The canyon’s last line of defense is Dennis Rose, who has single-handedly vowed to keep the canyon’s main road, California 39, graffiti-free. Spencer calls Rose “a one-man graffiti-cleaning machine.”

Now, Spencer said, Rose is registered as a volunteer with the Forest Service, which pays for the paint he uses to cover graffiti along the highway. Rose estimates that previously he spent $1,400 of his own money on the chore.

Driving along the winding road, Rose pointed out the square gray patches that mark his efforts. But he pulled over and sighed in frustration over a new batch of blue and black insignias scrawled on rocks along the canyon wall. That would take a team of workers with steam-cleaning equipment to remove.

“To me, it’s an area that’s in need of just some tender loving care,” he said.

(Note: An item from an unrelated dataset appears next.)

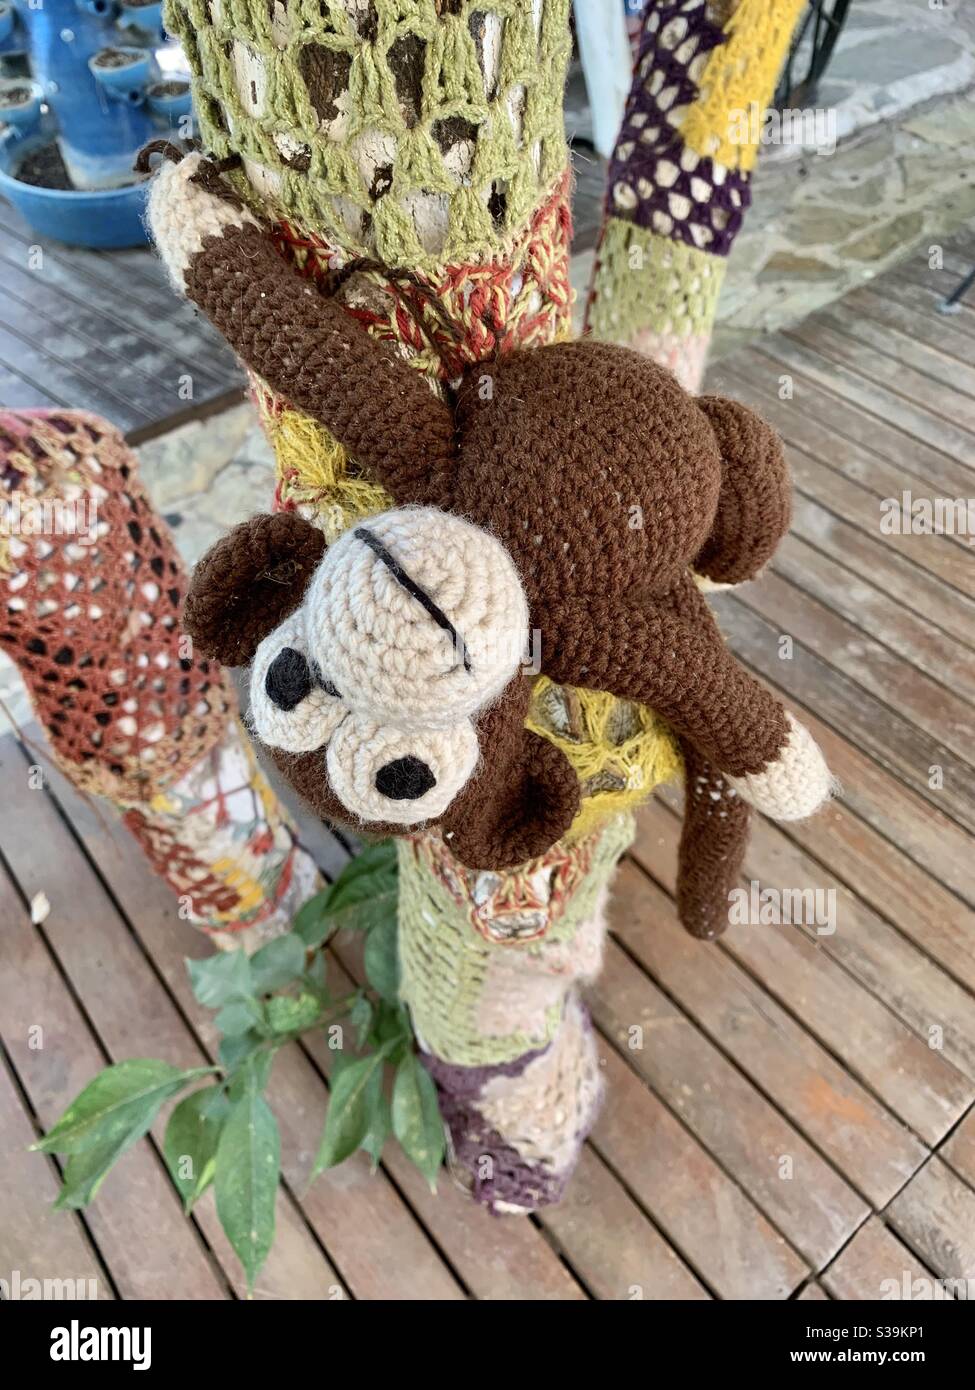 Crochet monkey having fun in a crochet tree Stock Photo

Rose is eager to take on such a project, but he said his hands are tied by Forest Service regulations limiting the involvement of volunteers.

Advertisement

Spencer said the Forest Service is legally responsible for volunteers and cannot recruit more people than it has the staff to oversee. Ironically, the same staff cuts that hinder the Forest Service’s ability to provide basic services also keeps it from using volunteers to pick up the slack.

To Rose, who grew up in the area, witnessing the forest’s degradation is like watching the slow decline of an old friend.

“I used to ride up here on a bicycle when I was a kid,” he said. “The canyon used to be much more pristine. The Forest Service (officials) haven’t redeployed their resources to adjust to the number of people using this canyon.”

Spencer said the problem is that funding for national forests is set up on a uniform scale, regardless of the rate of recreational use.

Compared to national forests in rural areas, “urban national forests are much more highly impacted by use, because we’re dealing with urban problems and urban issues,” he said.

The Angeles National Forest currently represents 70% of the open space in Los Angeles County, Spencer said. By 2015, it will probably represent 90% of the county’s undeveloped land. As open space throughout the county shrinks, the forest will become more precious--and more threatened.

Advertisement

“I think there is a big psychological reassurance there to say I can see the mountains and there aren’t houses all over them,” he said, “to be able to wake up after a storm and see the snowcap.”